Amazon spent more on TV advertising than any other major retailer in the days leading up to Black Friday, according to new data from ad intelligence firm MediaRadar.
After analyzing TV ad spend for nearly 300 retailers during the first two weeks of November, results revealed that Amazon leaped seven spots compared to last year, surpassing Walmart, Target and others along the way. MediaRadar declined to say exactly how much Amazon spent on TV ads, but noted that the top four retailers—Amazon, Walmart, Target and Macy’s—collectively dropped just over $140 million toward TV advertising.
The study found that many of the brands held a similar position compared to the year prior, with a few exceptions. Best Buy, for example, fell five spots, from third place to eighth. Home Depot and Kohl’s dropped off the list of top 10 TV spenders altogether, while TJX Companies and Raymour & Flanigan climbed into the ninth and 10th spot, respectively.

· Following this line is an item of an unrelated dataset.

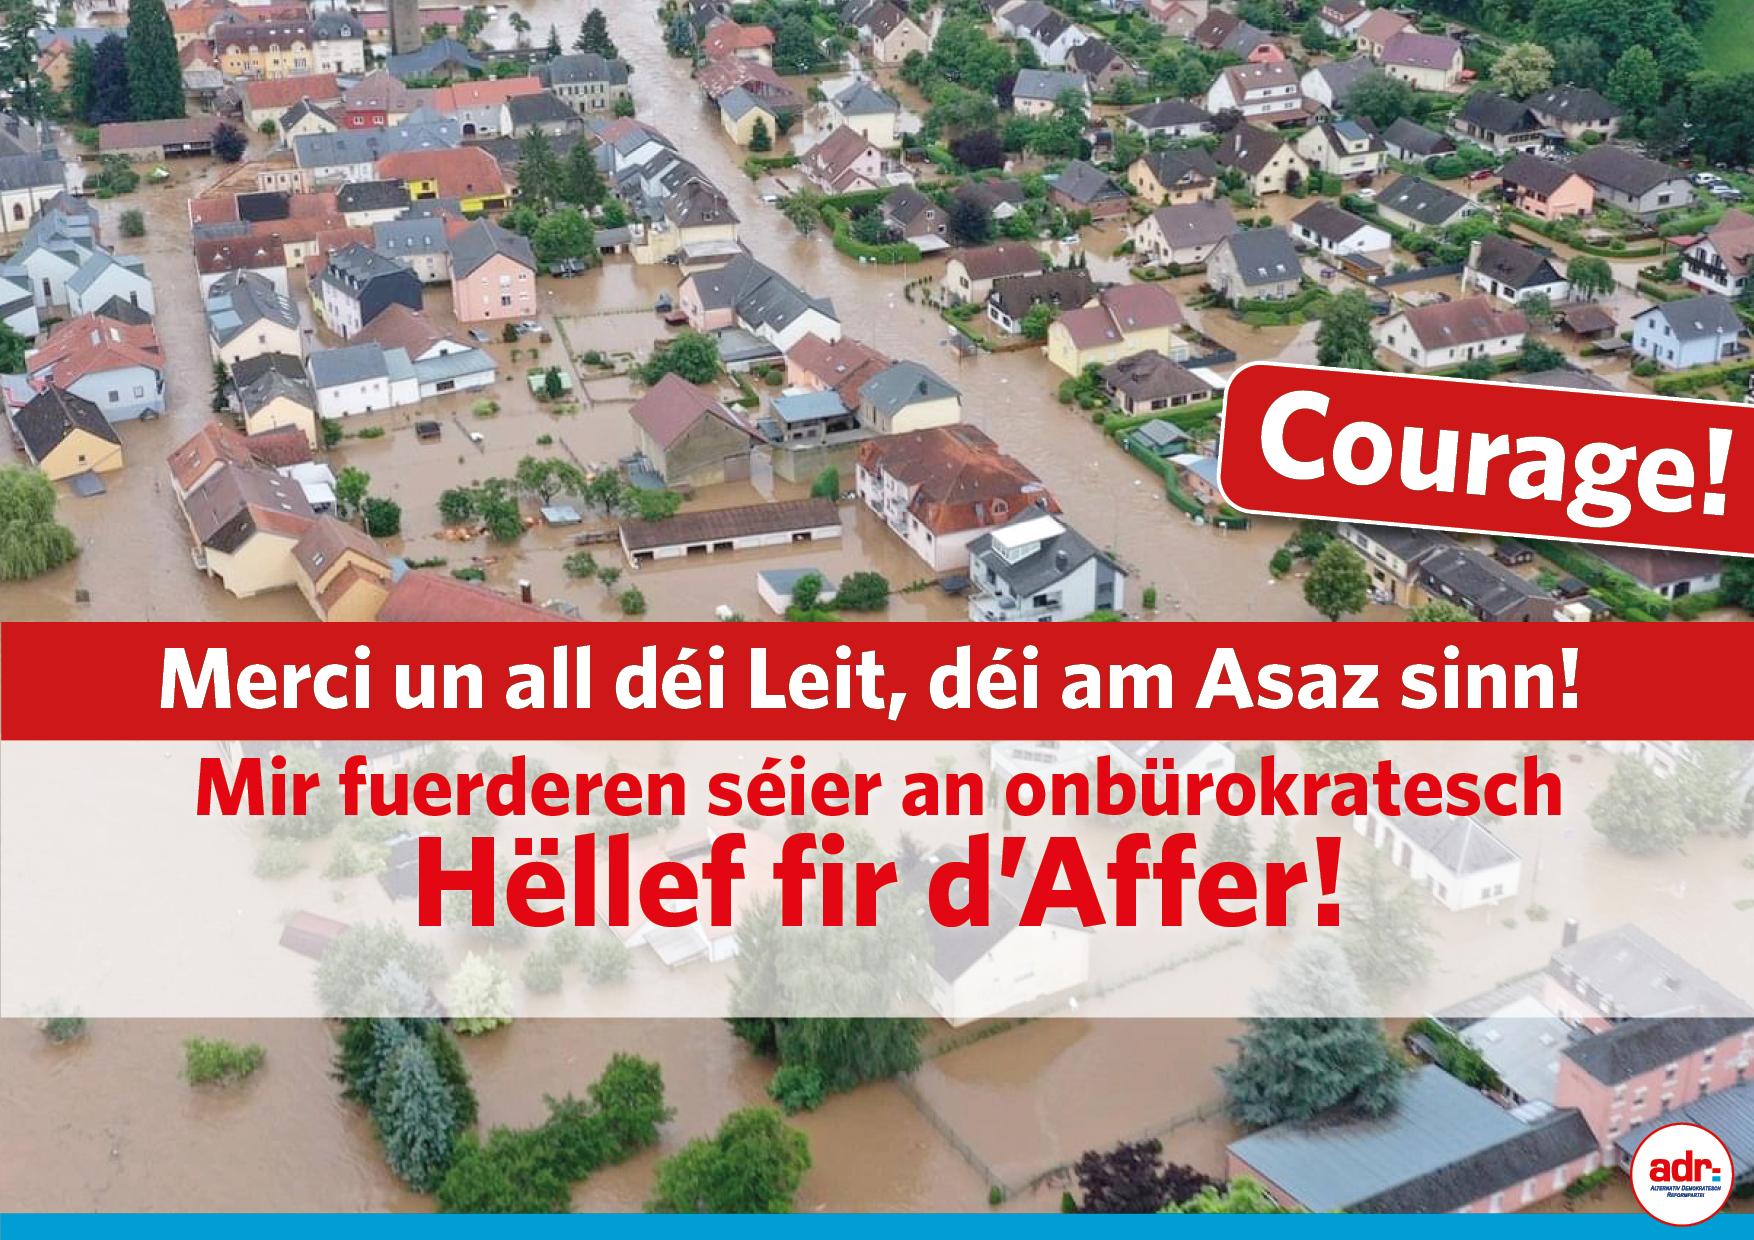 Héichwaasserkatastroph: ADR freet Bilan!

“In some regard, what’s so interesting is how little shift there really is for most of these brands,” Todd Krizelman, CEO and co-founder of MediaRadar, said. “I wonder if Amazon asks itself, ‘Everyone else is doing the same year after year. What happens if we start to make a much larger investment? Do we move the needle that much faster for our business?’”
Krizelman also pointed out that Amazon’s ascent to the top spot is largely due to its penchant for prime time, something that hasn’t always been the case. Just over one in five of its TV commercials broadcast in the first half of November appeared in these pricey ad slots, amounting to more than half of the ad dollars Amazon spent during the analyzed time period.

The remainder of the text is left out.